The use of DevOps scripting and playbooks to spin up, provision and manage workloads dynamically and automatically provide businesses with tangible competitive advantages through accelerated delivery of business objectives, but in a traditional segmentation environment would require multiple manual segmentation techniques to deploy, and would introduce great latency. For an enterprise to make VLAN and IP address changes alone, even for enterprises with only a thousand servers, would take months.
Firewalls are no longer as helpful as they are not in the middle of most of the data centre traffic. Even with virtualised data centres, any attempt to funnel traffic through firewalls leads to bottlenecks and latency. Furthermore you still have the issues of manual moves, adds, changes and deletes. Finally such traditional techniques only focus on the machine and port level; they do not provide protection at the application process level. This means any processes, including malicious ones, can easily bypass port-based rules, thereby exposing applications to threats that have successfully breached the perimeter.
Securing todays ever changing cloud environment
In with modern segmentation
Based on software defined segmentation that follows workflows, modern techniques work seamlessly across all platforms and are designed for today’s dynamic, automated and scripted DevOps world. Modern methods provide segmentation to easily secure the data centre, without moves, adds, changes and deletes having to be handled manually.
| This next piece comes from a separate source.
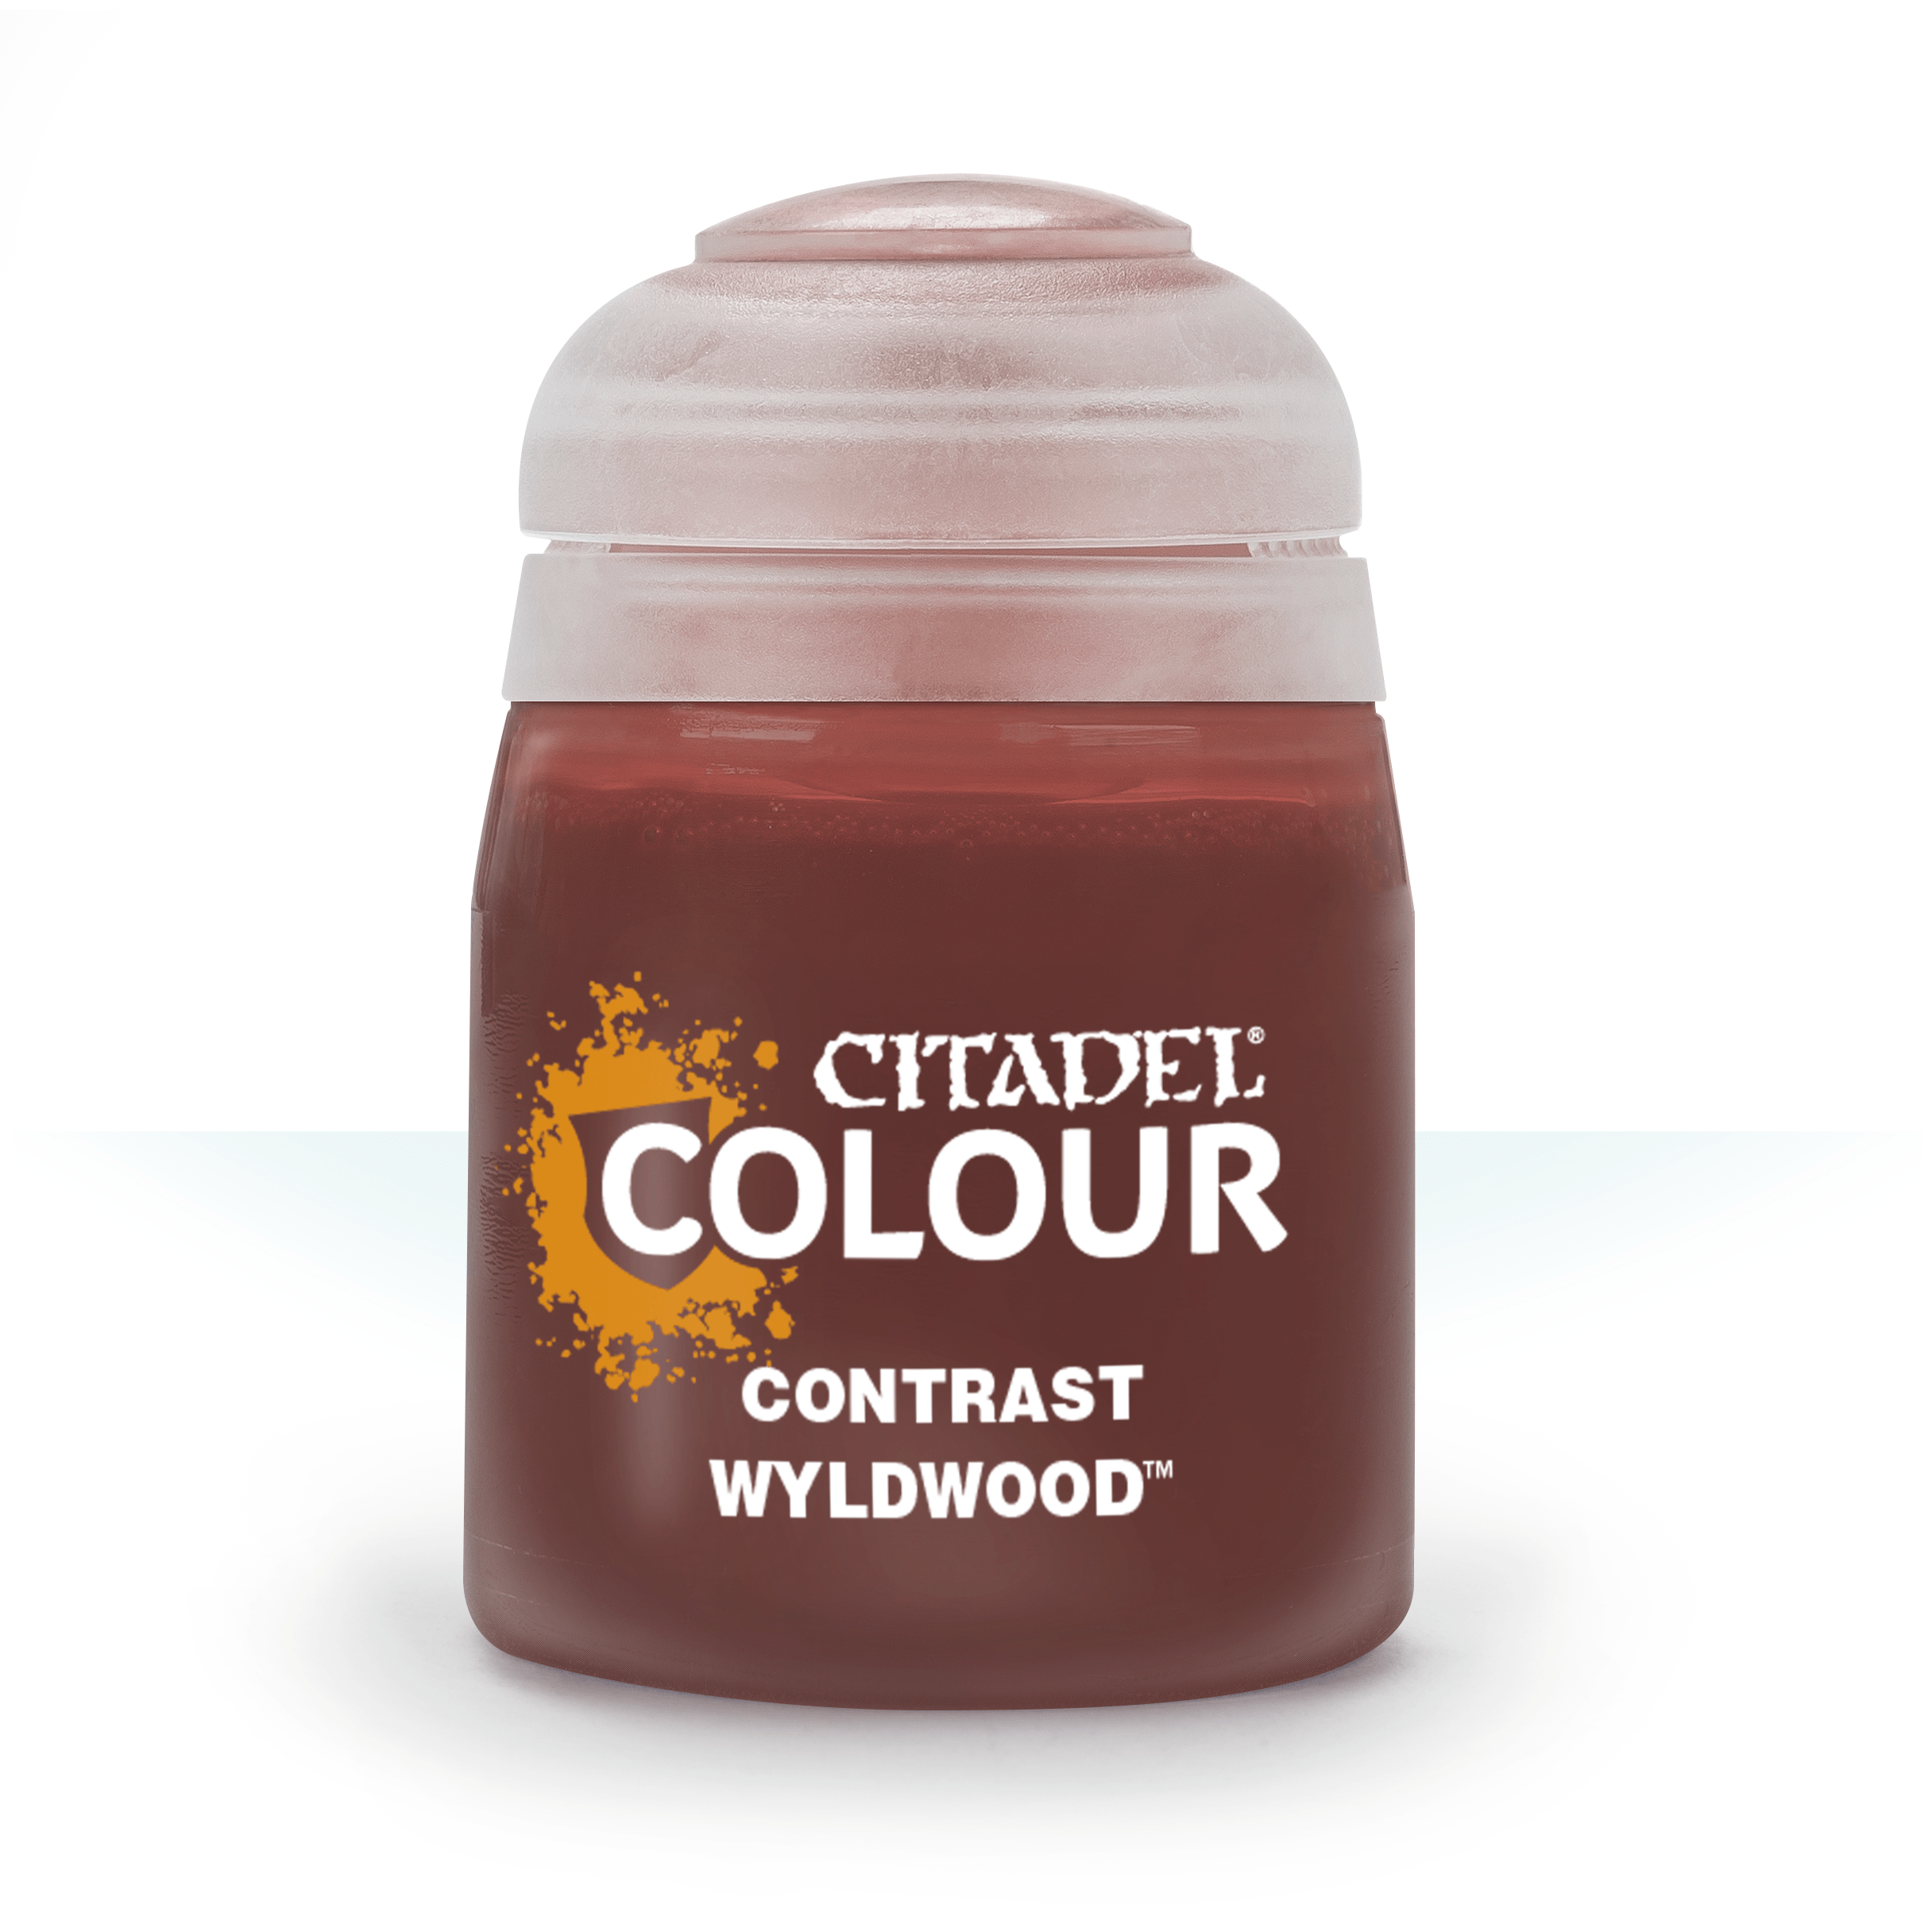 Citadel Contrast Paint: Wyldwood 29-30
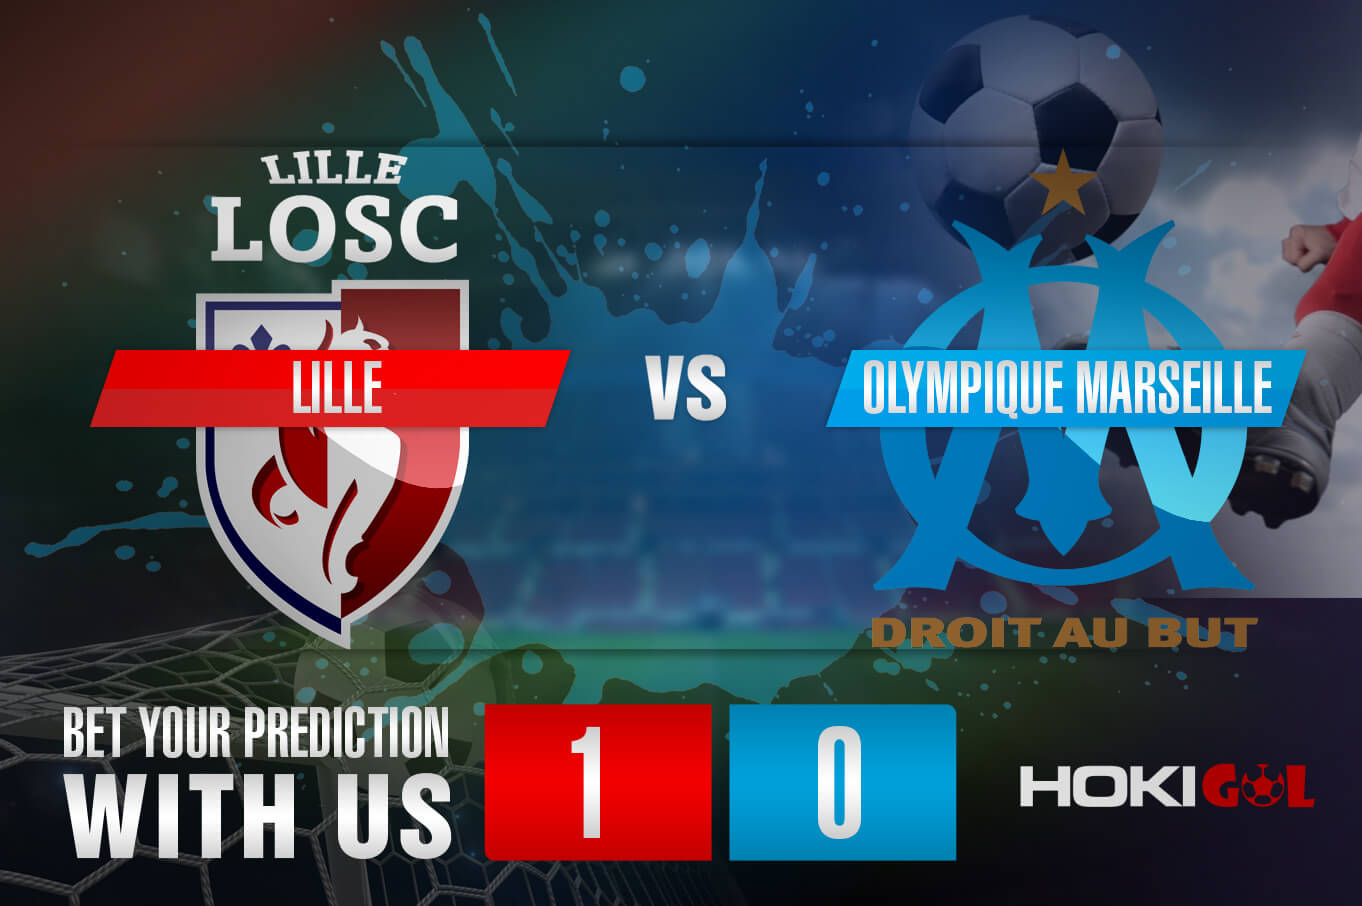 Prediksi Bola Lille Vs Olympique Marseille 4 Maret 2021

Addressing key portions of the People, Workloads and Network elements of the security model, modern segmentation is arguably the optimal choice. Of equal importance, with the right tools and a little thoughtful planning, modern segmentation can today be implemented quickly in ways that allow easy management and maintenance. In fact, recent testing has demonstrated that modern segmentation can be deployed 30 times or so faster than traditional firewall implementations. Those time savings and efficiencies translate to significantly lower costs over the deployment lifecycle.
Get it right
Modern segmentation overcomes the inherent inefficiencies of traditional segmentation techniques and, perhaps more importantly, results in stronger security for enterprise environments. Furthermore it takes the concept of network segmentation down to a very granular, process-to-process level. It entails the creation of security policies around individual or logically grouped applications, regardless of where they reside in the hybrid data centre. These policies dictate which applications can and cannot communicate with each other — true zero trust at the application level.
Modern segmentation methods also make it possible to apply policies in a dynamic fashion, so that as new workloads are spun up or down – or even moved, they are attributed to the correct policy automatically. This saves considerable resources by eliminating the need for manual moves, adds, changes and deletes.
The key to implementing modern segmentation is to begin the process with a graphical visualisation of all assets in the environment, whether bare metal, virtual machines or containers, and the dependencies between them. This deep visibility dramatically accelerates the process of identifying, grouping and creating security policies around the tiers of the applications.
By using modern segmentation enterprise administrators can provide security and enforcement at the application and process level, containing threats and alerting operators to their presence.
In this way, modern segmentation is the most effective solution for reducing a company’s attack surface and risk profile. Above all, using modern segmentation methods to build a stronger security posture means reduced risks and liabilities without sacrificing speed of innovation.